Leasing 101: For Auto Salespeople

So you have been selling cars for a while and want to “Up your game”? Looking at your sales activity, what percentage is comprised by leases? If it is less than 25% is it because you do typically do not include it as a viable option for your customers? If this is the case, isn’t it time to reconsider your approach to further insure long-term success for your career?
You obviously rely on repeat customers as well as referrals. The truth, however, is that regardless of your amount of professionalism and diligence, you have no absolute guarantee that your customers will return to purchase their next vehicle from you. Buyers could decide to hold on to their vehicles longer than their original intention or trade for another make. You have a better chance of repeat business if a greater percentage of your customer portfolio was leased. When you lease a customer a vehicle there is a finite term attached to the transaction. True, the customer could still go elsewhere and that dealer could take the vehicle in trade paying off the lease. However, it is a proven fact that customers who lease their vehicles feel more connected and more loyal to their original dealership.
So, how much do you really know about leasing? Hopefully, the following will assist you Car Sales Direct in your presentation which in turn leads to an enhanced amount of business for you.
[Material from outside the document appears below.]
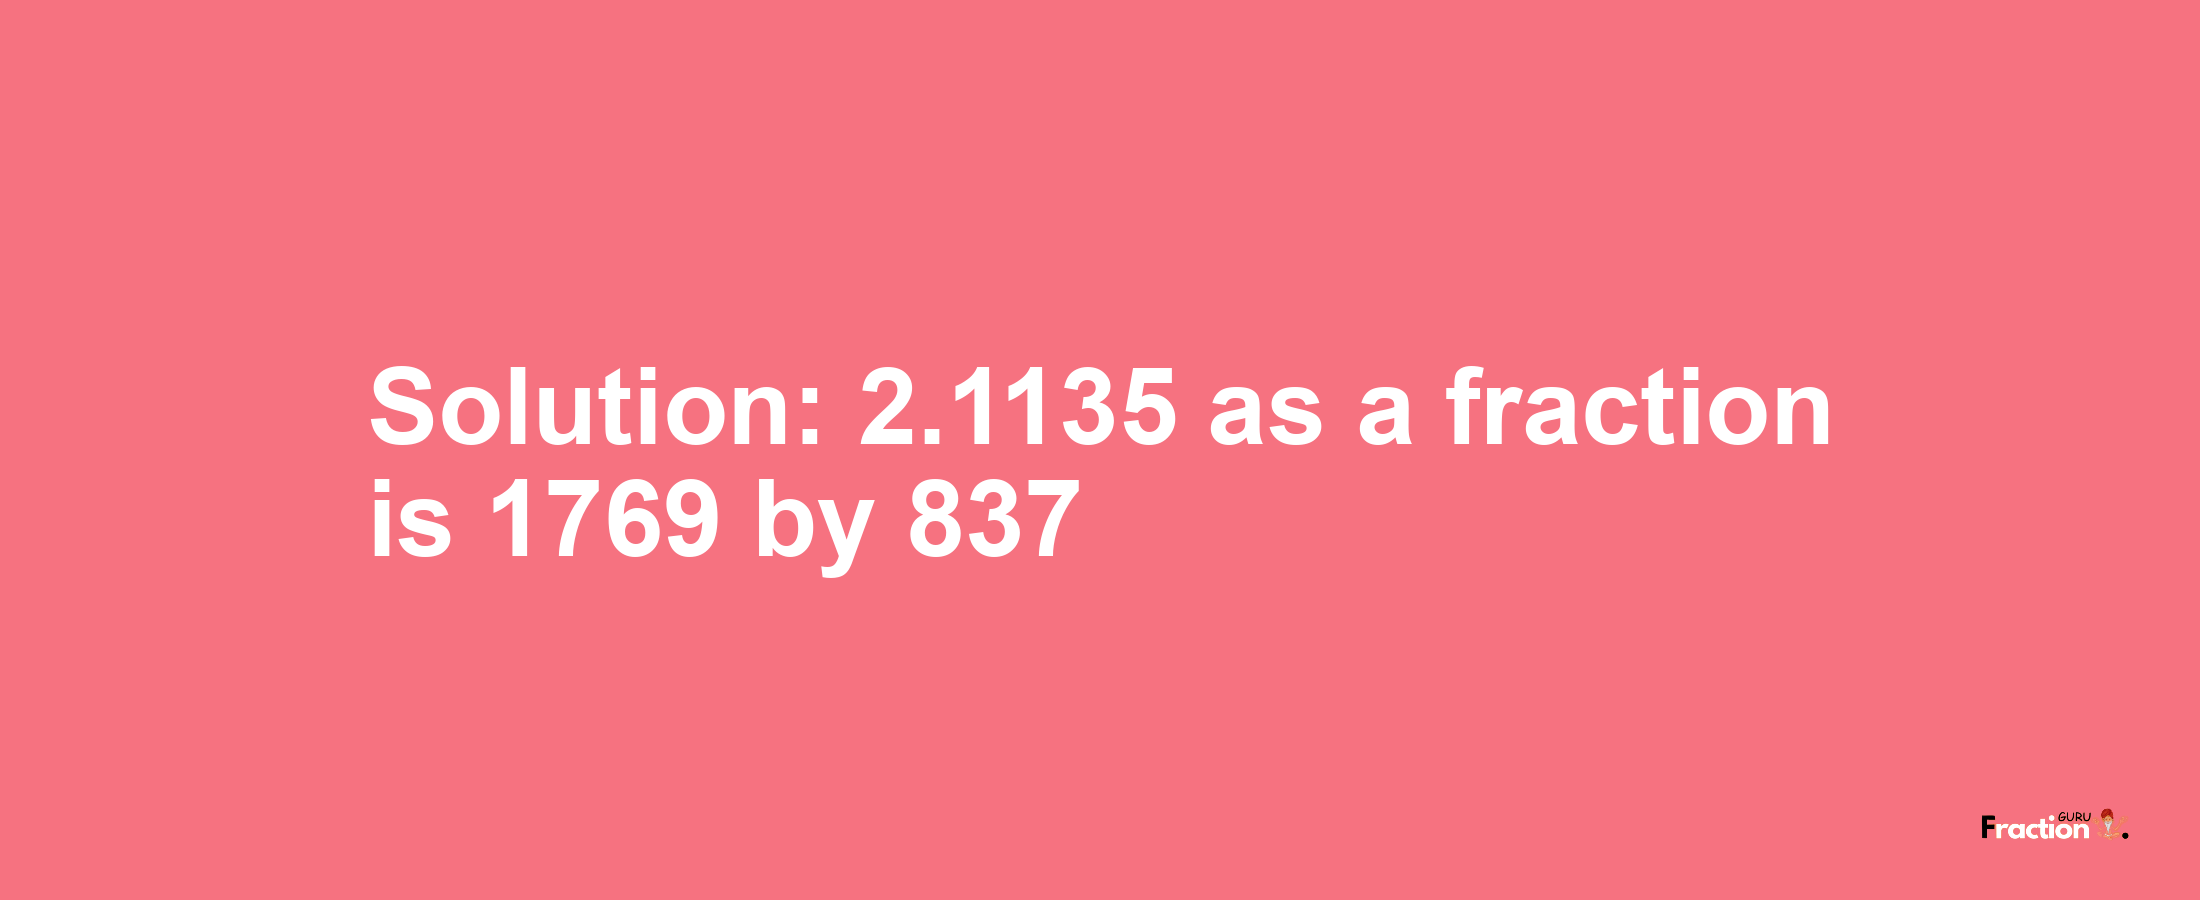 Solution:2.1135 as a fraction is 1769/837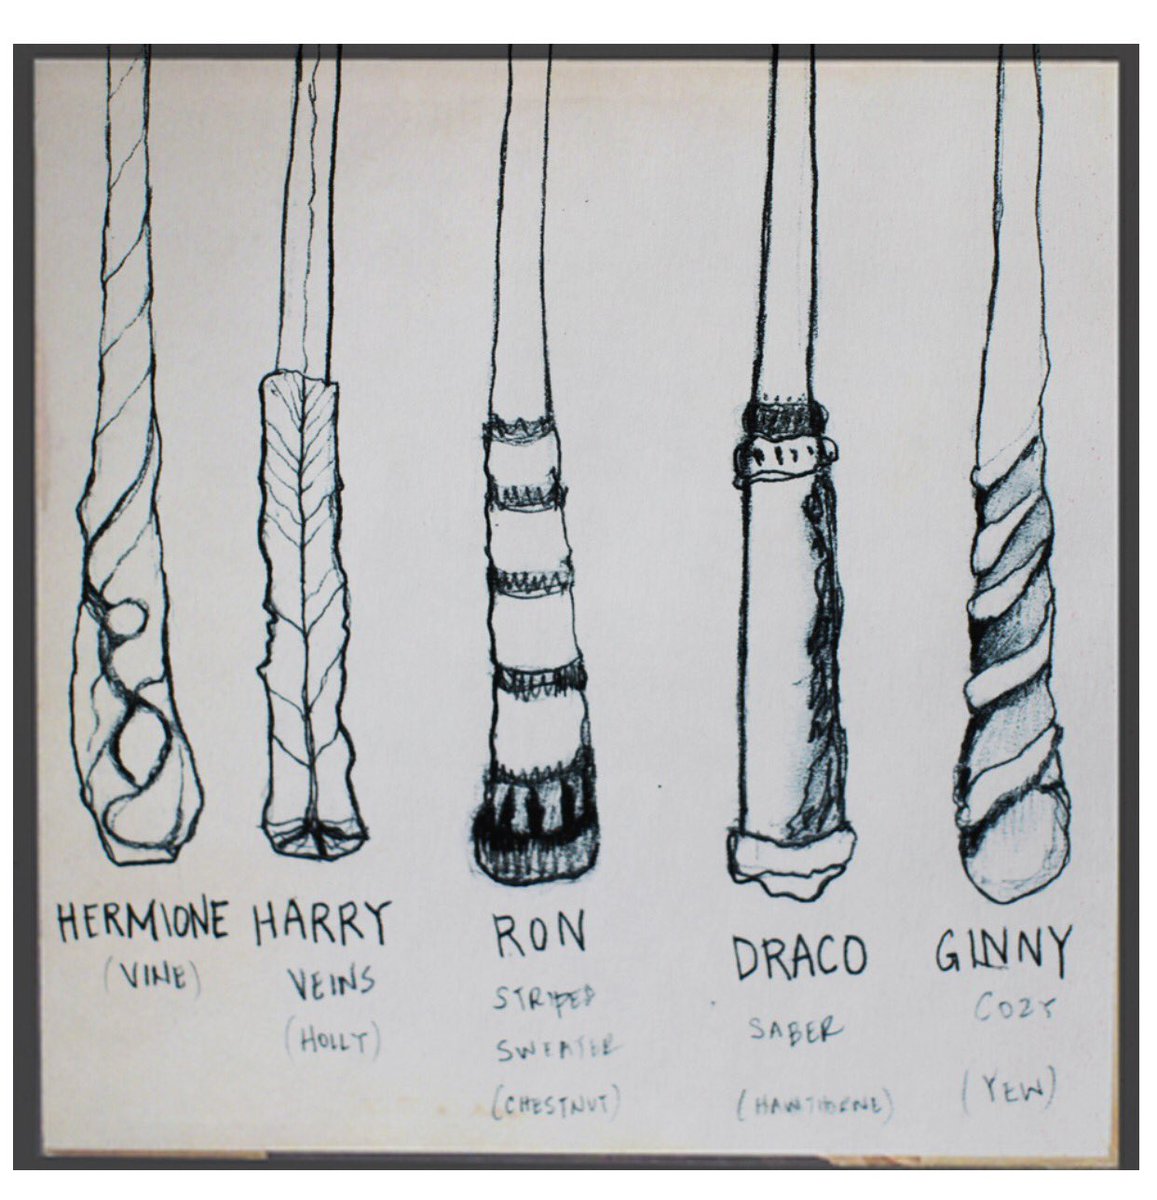 Evolution of wand designs in the Harry Potter universe

The basic principle of leasing is that the customer pays for the amount of the vehicle they use as opposed to paying for it up front and hoping to get a reasonable amount in trade during the next buying transaction. This alone is a huge advantage to leasing as there are many unknowns to the amount of depreciation any one vehicle will incur. What if it sustains major damage and repair? Granted, insurance will handle this event, but diminution in the cars value becomes the owner’s liability. In the case of a lease, the owner Used Trucks For Sale Facebook is the leasing entity, therefore it is their problem. The vehicles depreciation will end up being much greater than the forecasted residual. What if the vehicle is stolen or totaled? The owner will be faced with negotiation with the insurance company for a replacement value, many times this could be less than a finance payoff leaving the owner with a substantial shortfall. Conversely, most leases today include gap insurance which terminates the lease in the event of a total loss with no further liability to the lessee.
Lease payments are typically less than finance payments inasmuch as both interest and depreciation are mitigated by the length of the lease. Furthermore, the amount required up front is normally much less than financing. In turn, most people who lease will end up with more car for their money.
Opponents of leasing usually point out that there is no build-up of equity. As a salesperson, when is the last time you traded someone out of their vehicle into a new one and they pocketed that equity? They didn’t. Instead, if in fact there was any equity, they used it as a down payment for the next vehicle. For customers who have purchased and financed their purchases again and again, ask them to trace the equity from their first purchase up until now. Once again, it will prove that this equitable dollar amount never ends up in their pocket
There are two basic types of leases, Closed-End and Open-End. Do you know the difference? Explaining the differences to the customer gives you a “Leg-up” on the competition, even though 99% of all dealership leases are closed end. Most customers take it for granted that they can just turn the vehicle in at the end of the lease. A closed end lease simply means that the customer has no contingent liabilities towards the resale value, or, i.e., that the vehicle will be worth the forecasted residual. Their only liability is damage and over mileage charges. Conversely, an open end lease means that the customer guarantees the residual value, whether they buy it, they sell it or a third party takes the vehicle in trade for that amount. Most corporate fleet leases are structured on an open end lease.
Leasing has a multitude of advantages for the customer and the dealership alike. It is to your benefit to become more knowledgeable about leasing. This article only touches the surface but hopefully ignites a fire of curiosity and motivation for salespeople to use leasing as a great closing tool in their daily quest for sales.